Fourth, in geopolitical terms, Russians signal that if India bandwagons with the US’ pivot to Asia against the backdrop of New Cold War, they will be constrained to respond. Finally, please note that the fortnight-long military exercise will be held in the tribal areas of Pakistan and in Gilgit-Baltistan.
The symbolism is self-evident — plain rejection of Modi government’s policy shift on Kashmir to irrationally stake claims to Gilgit-Baltistan as integral part of India. The Indian protestations over China-Pakistan Economic Corridor on the specious plea that the projects partially involve Gilgit-Baltistan become even more untenable.
Ironically, Modi government gets a similar reality-check also in the reported meeting between Pakistan Prime Minister Nawaz Sharif and Iranian President Hassan Rouhani in New York on Wednesday on the sidelines of UN General Assembly session.
Rouhani reportedly expressed Iran’s interest to link up with China-Pakistan Economic Corridor. According to Iranian reports, Rouhani told Sharif, ‘Iran considers security and progress of Pakistan as its own security and progress… Development of any part of Pakistan is the development of a part of Iran.’
Rouhani also co-related Chabahar with Gwadar. Indeed, he made these remarks only a day after Sharif took the UN GA floor to condemn Indian policies as posing a threat to regional security. So, how does the balance sheet look?
One, Russia and Iran regard Pakistan as a meaningful interlocutor and neither will be party to ‘isolating’ Pakistan; two, neither visualizes Pakistan as a state sponsoring terrorism; three, neither trusts Delhi’s account of Uri attack; and, four, India is barking up the wrong tree as regards China-Pakistan Economic Corridor.
Rouhani’s cutting remark on Iran’s shared security interests with Pakistan amounts to a warning to India to lay off Baluchistan. Indeed, Modi’s aides gave him incredibly foolish advice to speak on Baluchistan from the ramparts of Red Fort on Independence Day. They seem blissfully ignorant that stabilization Baluchistan is in Iran’s core interests, too, since any fluidity in that region negatively impacts the security of Iran’s contiguous Sistan-Baluchistan province.

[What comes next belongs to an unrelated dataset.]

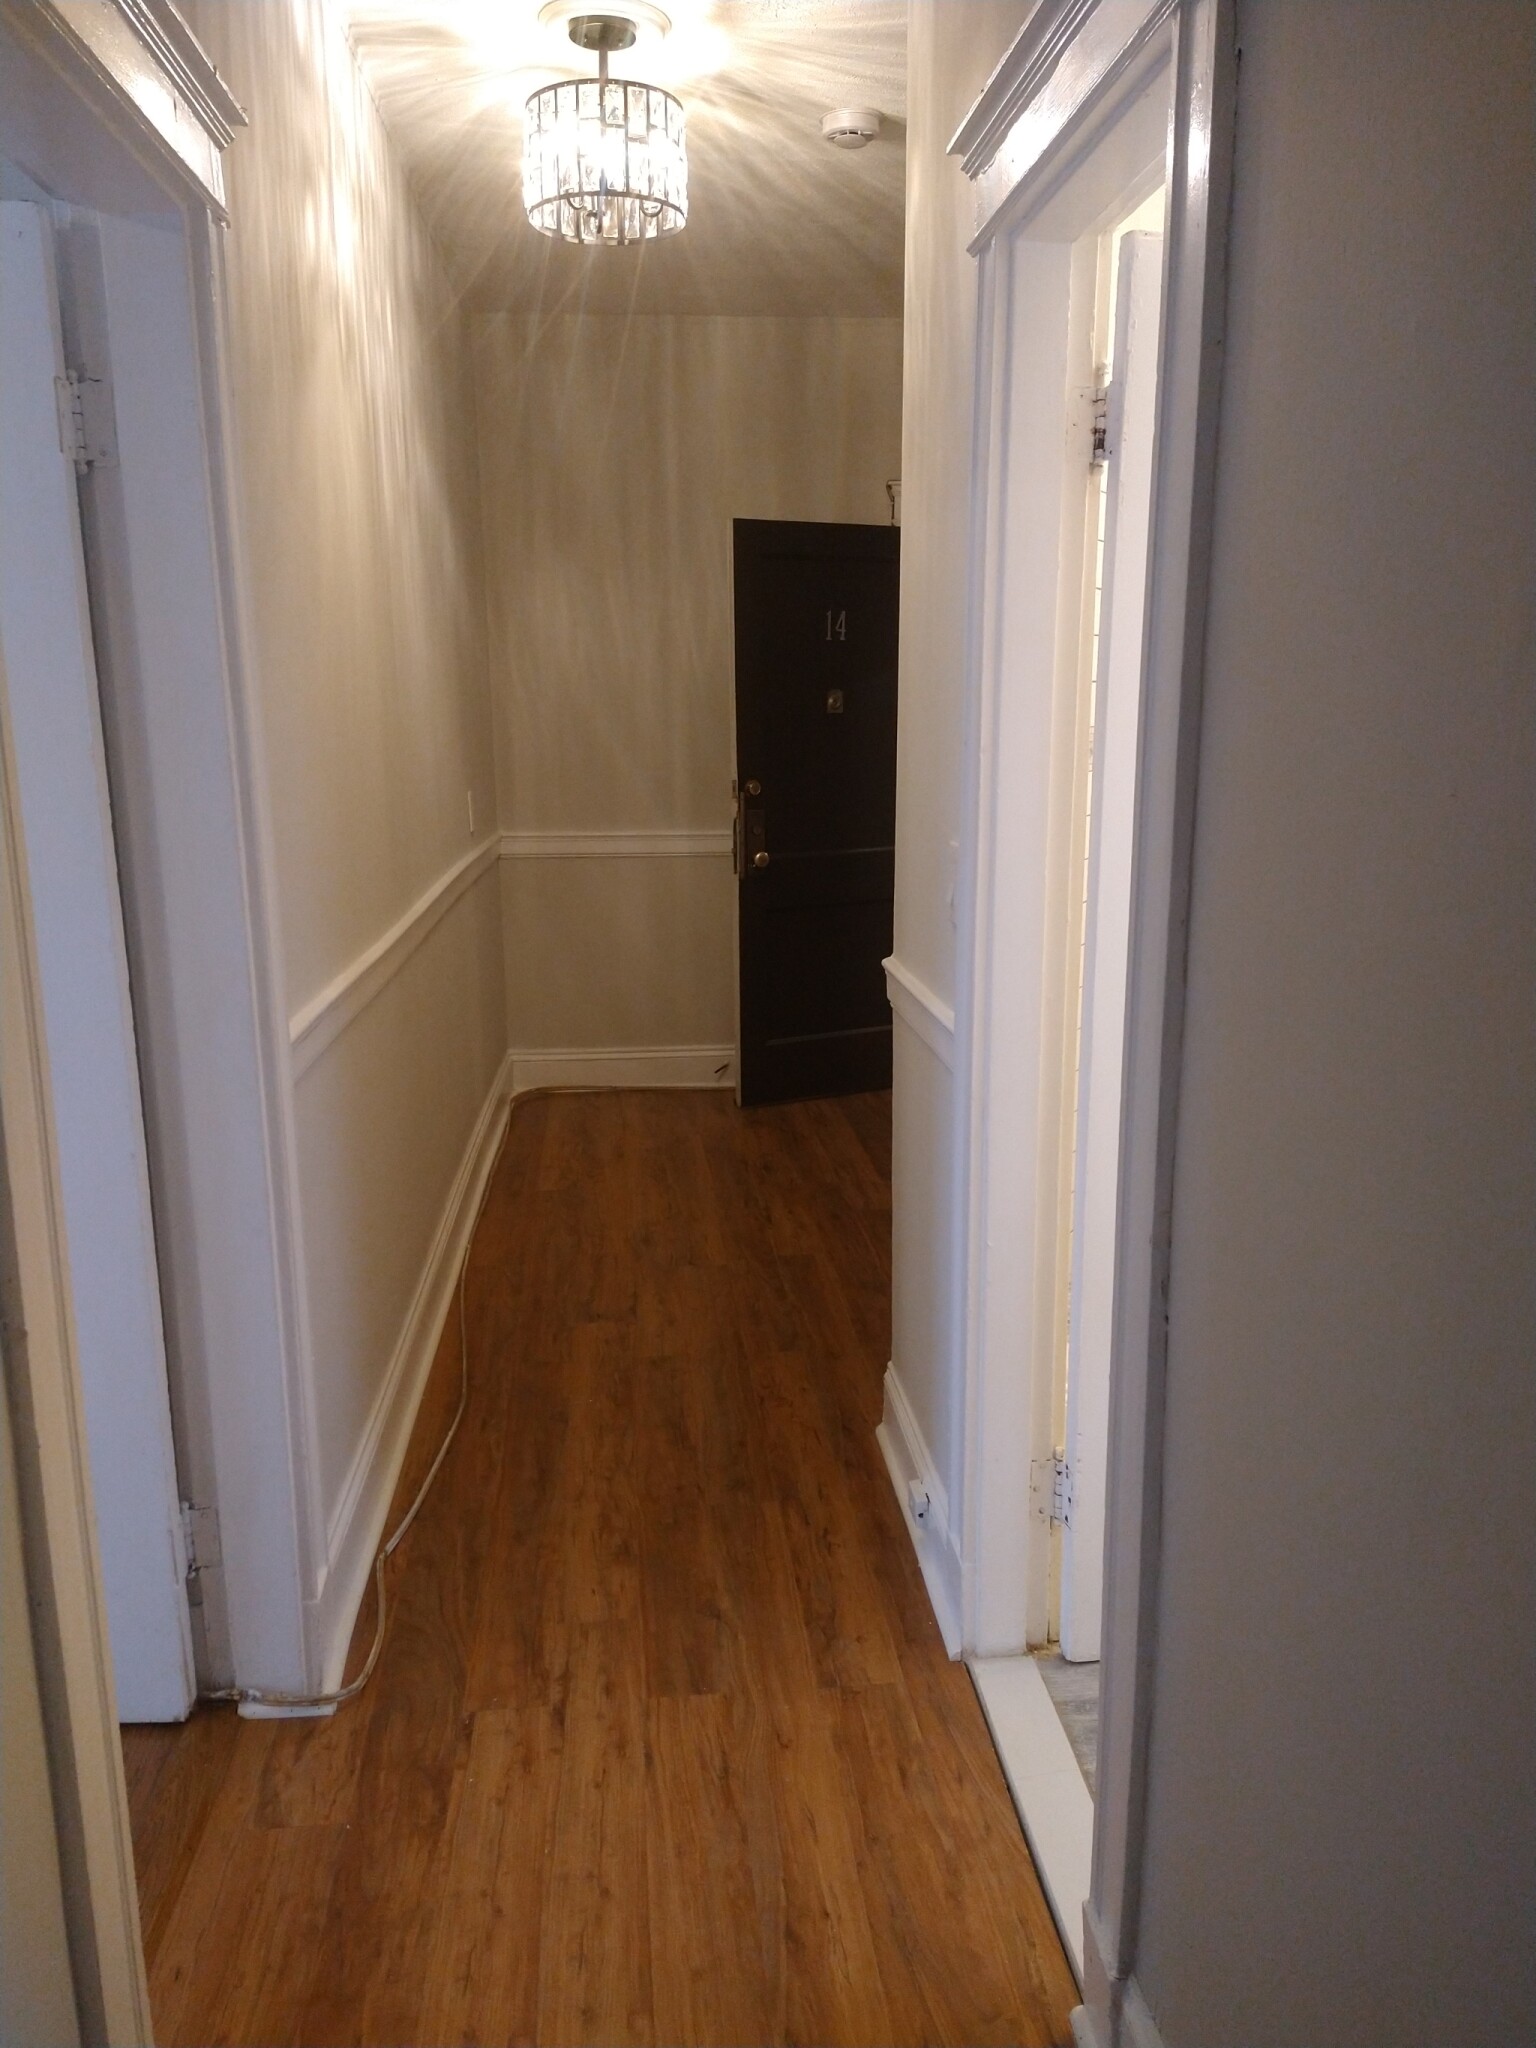 Photos of apartment on Penniman,Boston MA 02134

Modi’s aides could have taken one good look at the map to know that inciting unrest in Baluchistan cannot go hand in hand with our projects in Chabahar in Sistan-Baluchistan. Rouhani told Sharif that Tehran will not allow contradictions involving Chabahar and Gwadar. Does Iran have the wherewithal to fulfill the assurance? You bet, it has. If Iranians could keep Mossad-CIA-MI6 at bay effectively through past 3 decades, they must be knowing their job.